# Goal of the exercise
Once the pictures are removed, restate the listing word for word.

[[ The input open ]]

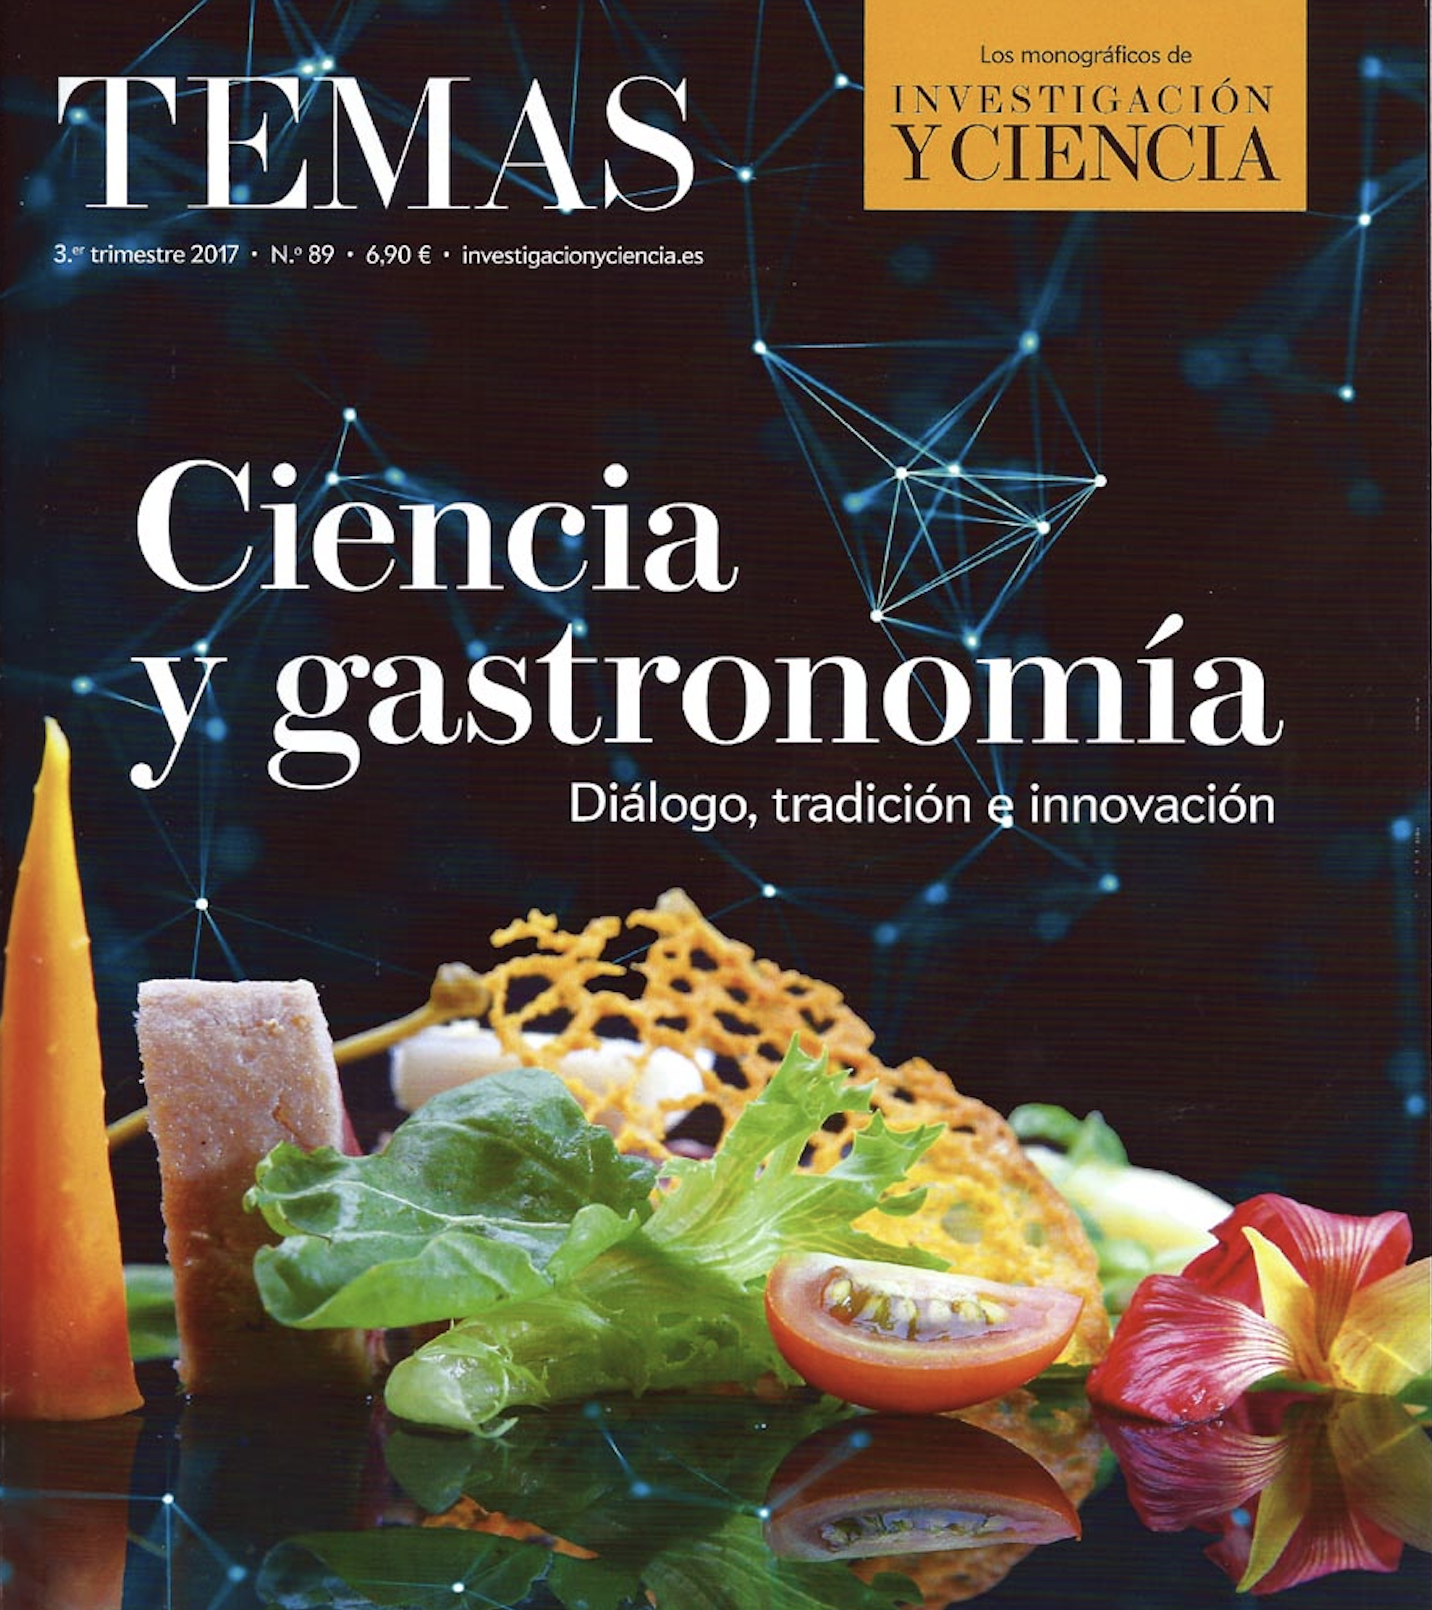 Pere Castells i Claudi Mans participen a un monogràfic sobre ciència i gastronomia
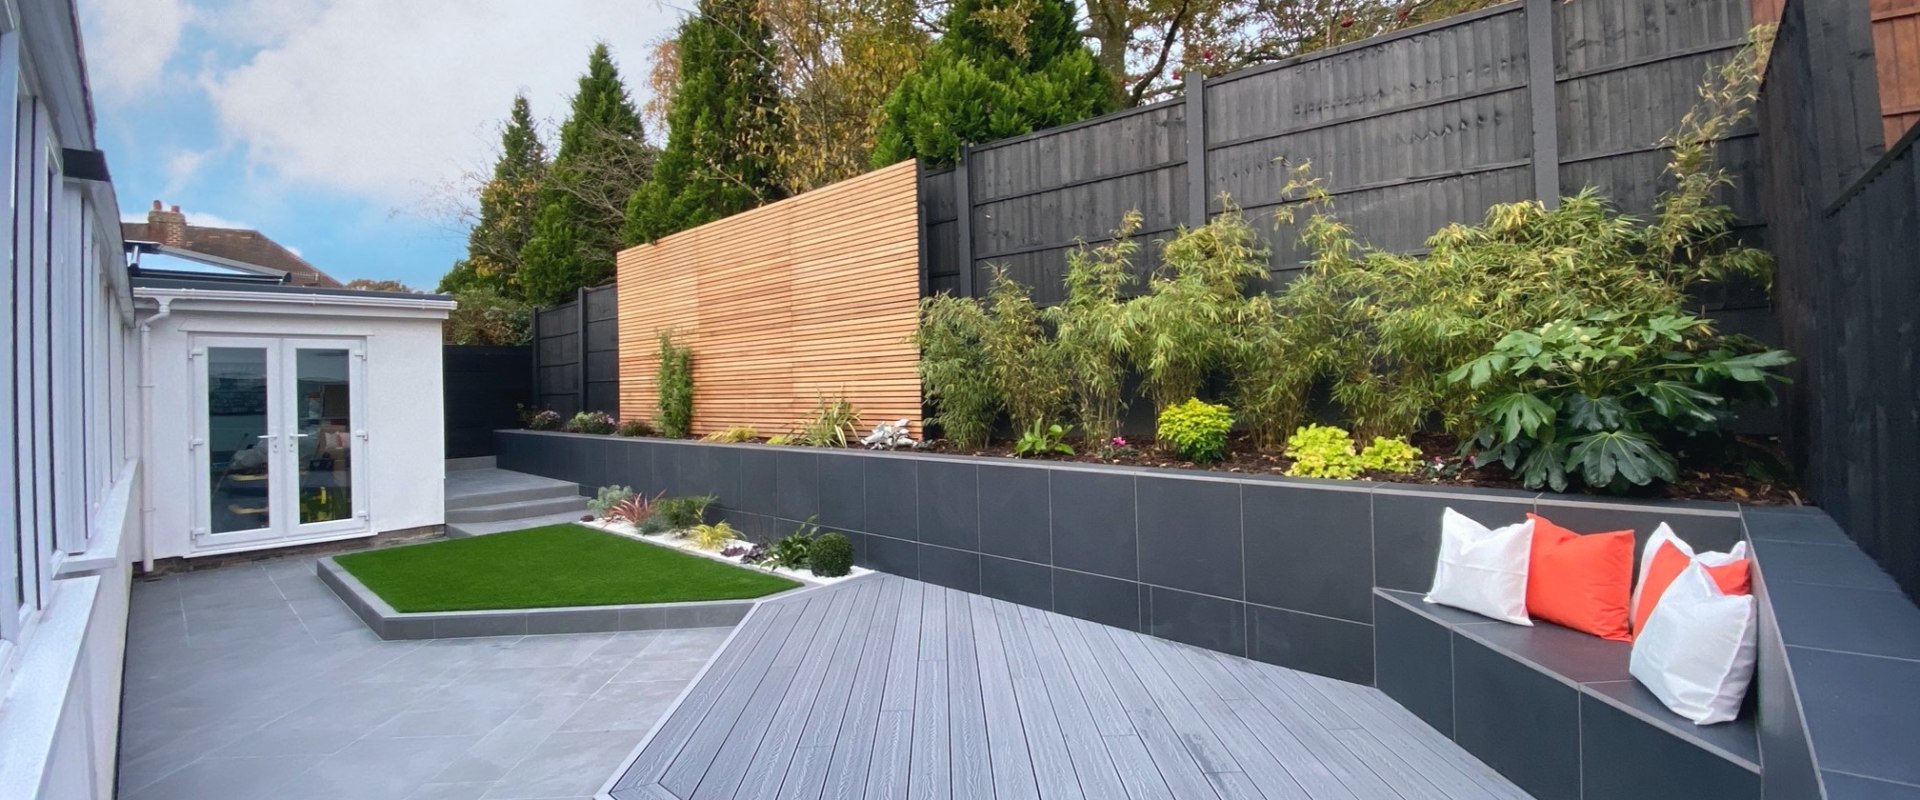 Creating a Functional Garden: Transform Your Outdoor Space
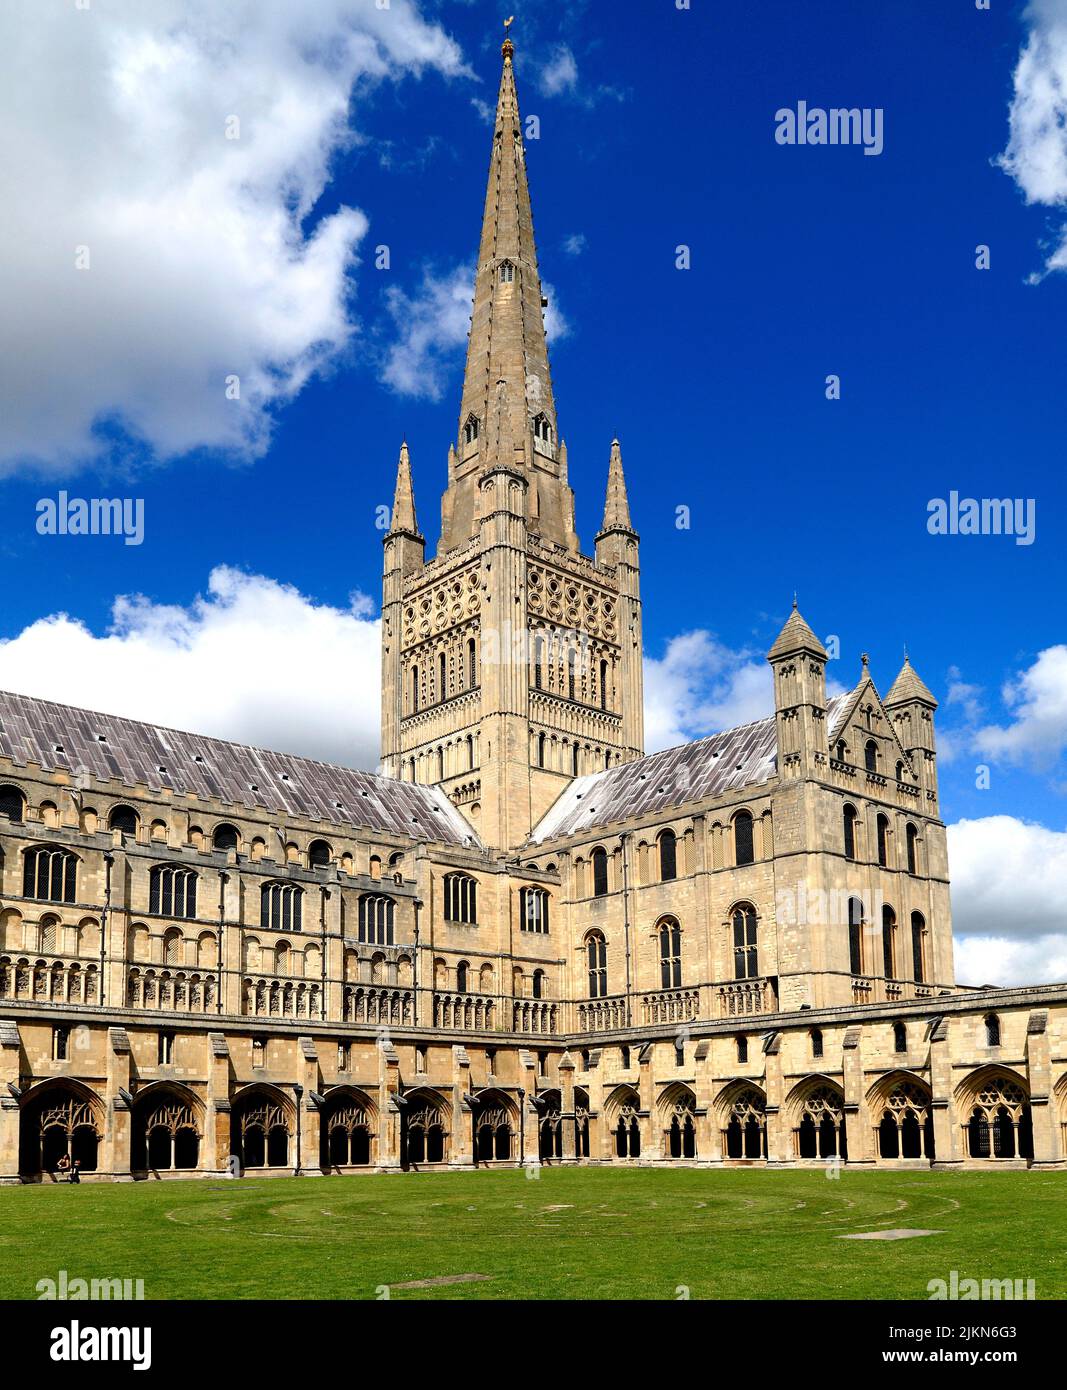 Cathédrale de Norwich, Spire , Nave, transept et cloîtres, architecture médiévale, Cathédrales, Norfolk, Angleterre, Royaume-Uni Banque D'Images
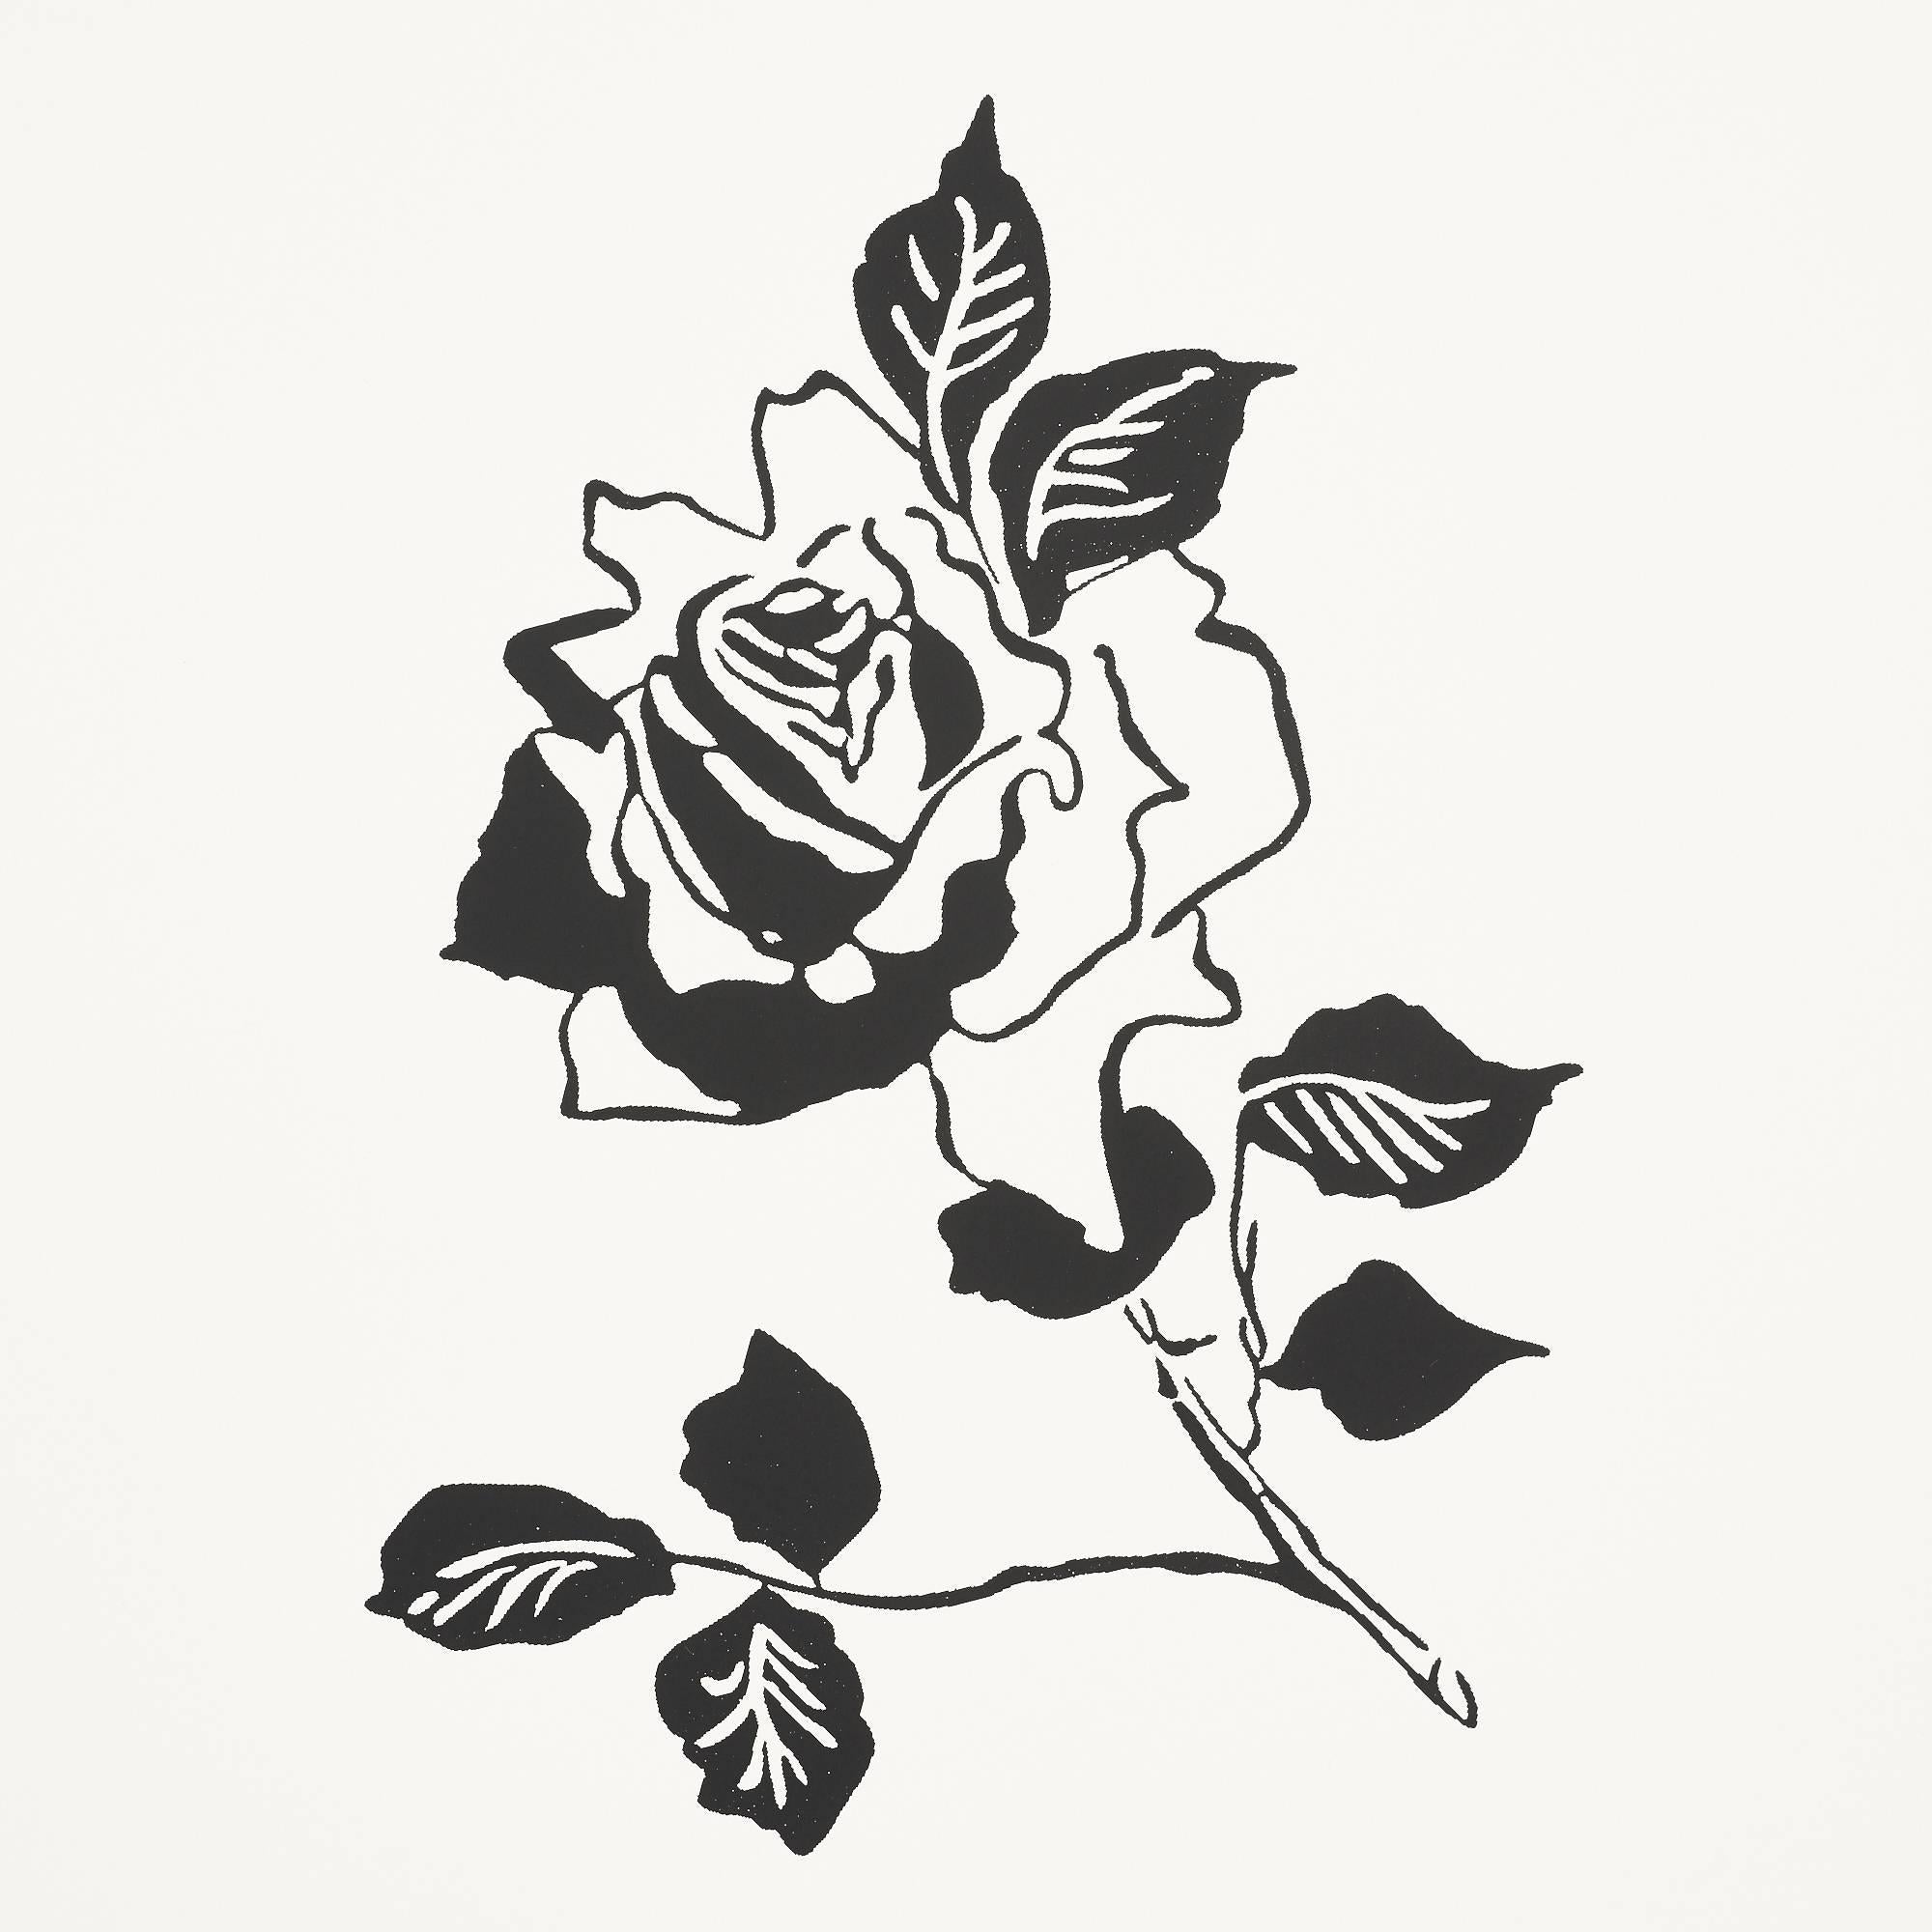 Adele ist eine jugendliche Interpretation der traditionellen Rose. Inspiriert von einer Illustration aus den 1930er Jahren aus dem Vogue-Archiv, fängt diese Siebdrucktapete die lockere, gestische Handschrift des Originals ein.

Vogue Living ist eine

[[ The input closed ]]

# Answer box
 Pere Castells i Claudi Mans participen a un monogràfic sobre ciència i gastronomia
 Creating a Functional Garden: Transform Your Outdoor Space
 Cathédrale de Norwich, Spire , Nave, transept et cloîtres, architecture médiévale, Cathédrales, Norfolk, Angleterre, Royaume-Uni Banque D'Images
 Adele ist eine jugendliche Interpretation der traditionellen Rose. Inspiriert von einer Illustration aus den 1930er Jahren aus dem Vogue-Archiv, fängt diese Siebdrucktapete die lockere, gestische Handschrift des Originals ein.

Vogue Living ist eine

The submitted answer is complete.